• _Recorded information_:
▼

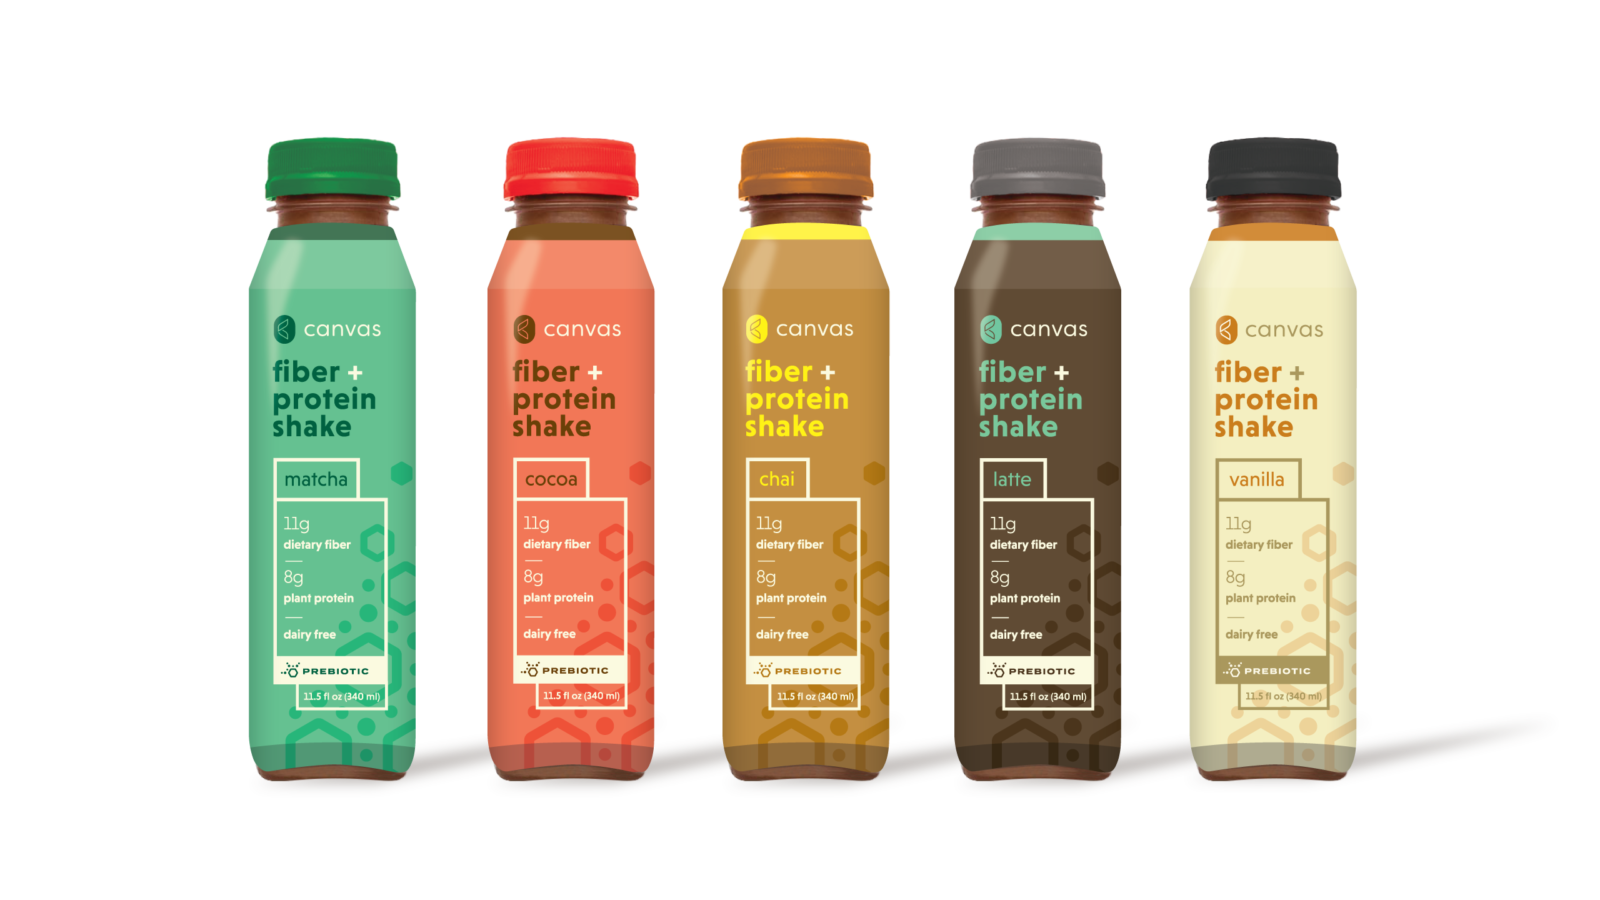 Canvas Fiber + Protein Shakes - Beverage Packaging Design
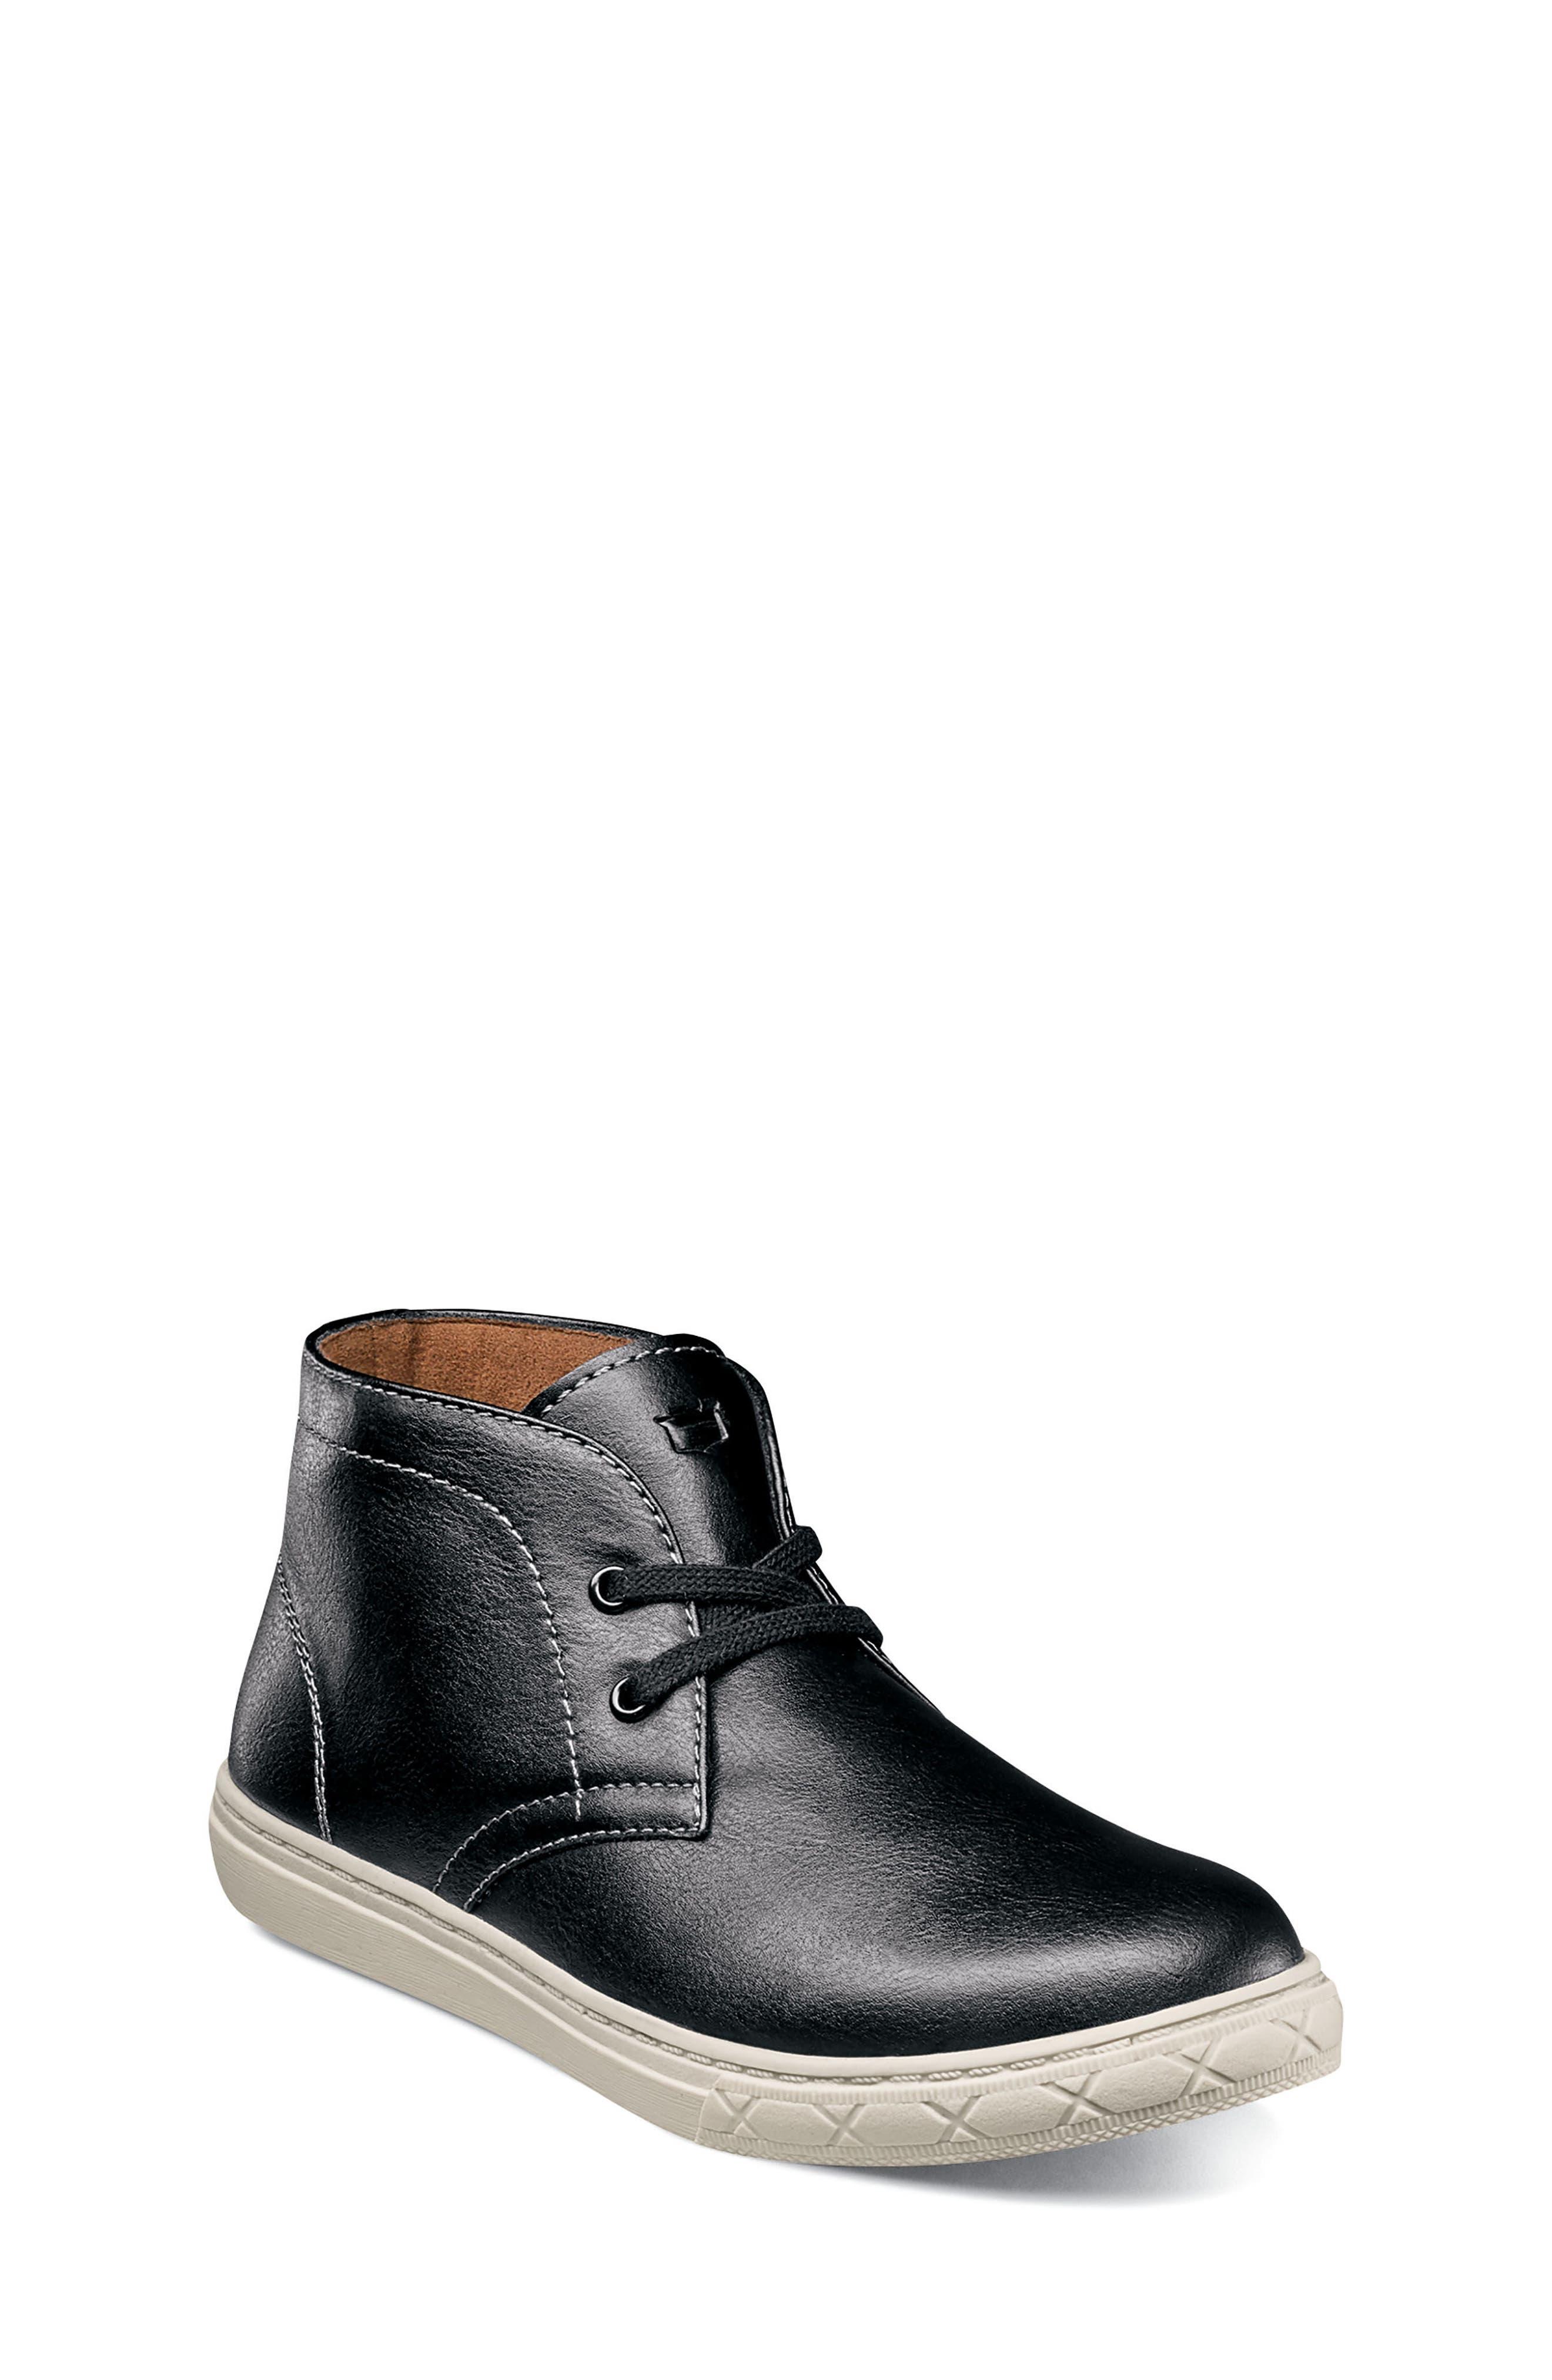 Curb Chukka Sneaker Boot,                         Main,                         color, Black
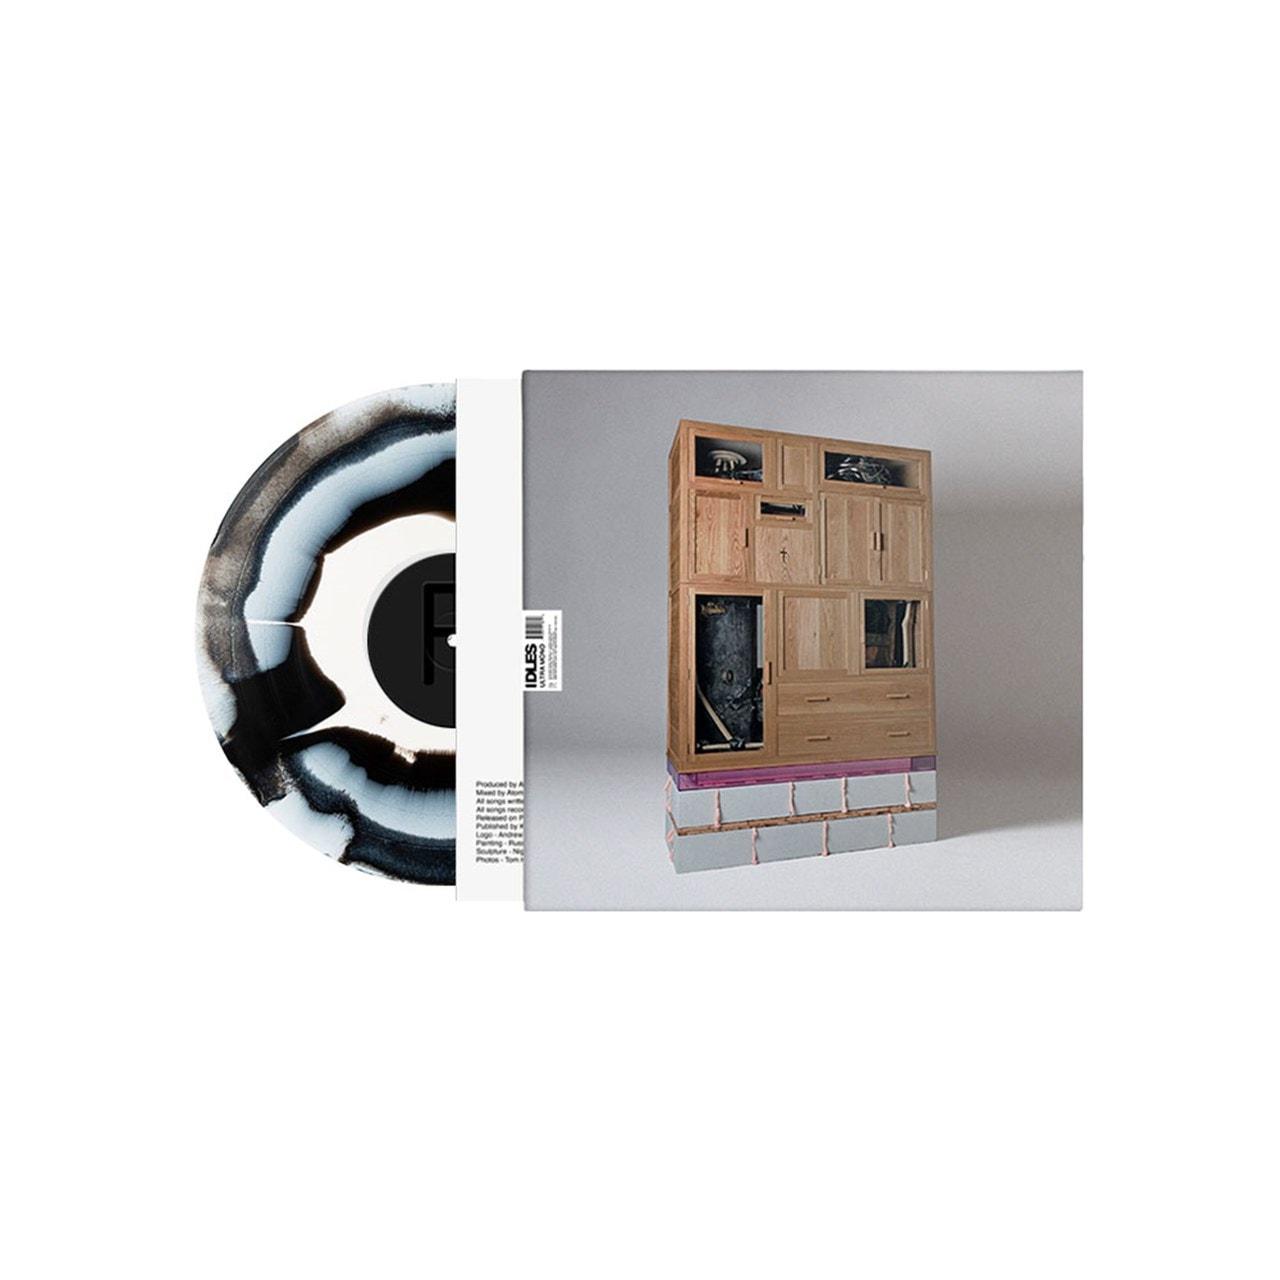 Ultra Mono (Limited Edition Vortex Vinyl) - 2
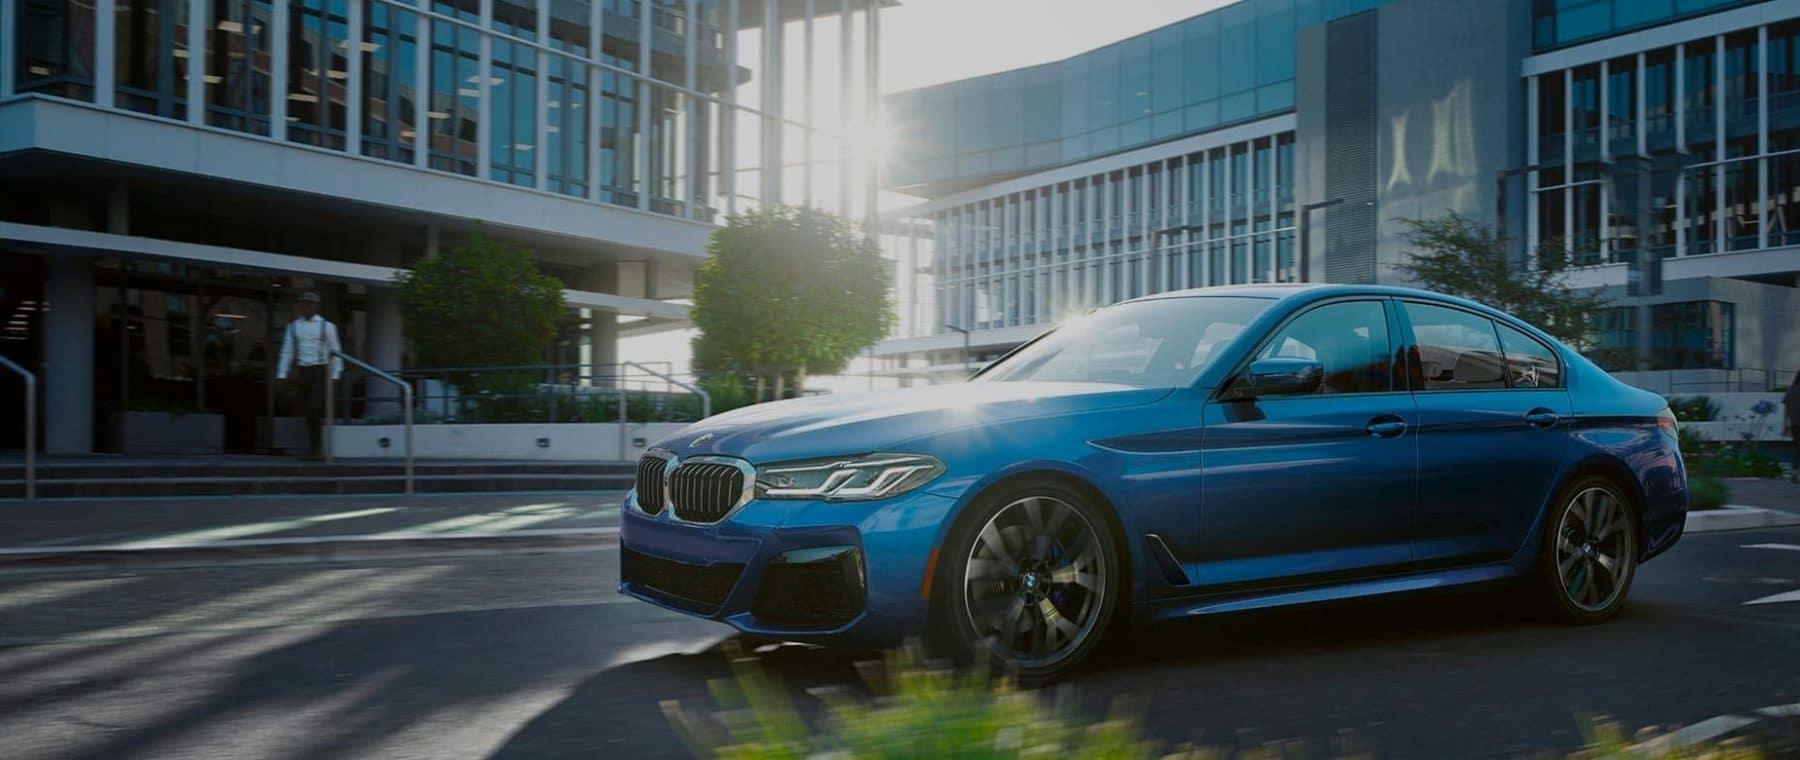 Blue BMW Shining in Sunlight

▲

• _What needs to be done_: The whole listing above, line by line, needs to be copied exactly, except for any images.

• _Reply to the exercise_:
 Canvas Fiber + Protein Shakes - Beverage Packaging Design
 Curb Chukka Sneaker Boot,                         Main,                         color, Black
 Ultra Mono (Limited Edition Vortex Vinyl) - 2
 Blue BMW Shining in Sunlight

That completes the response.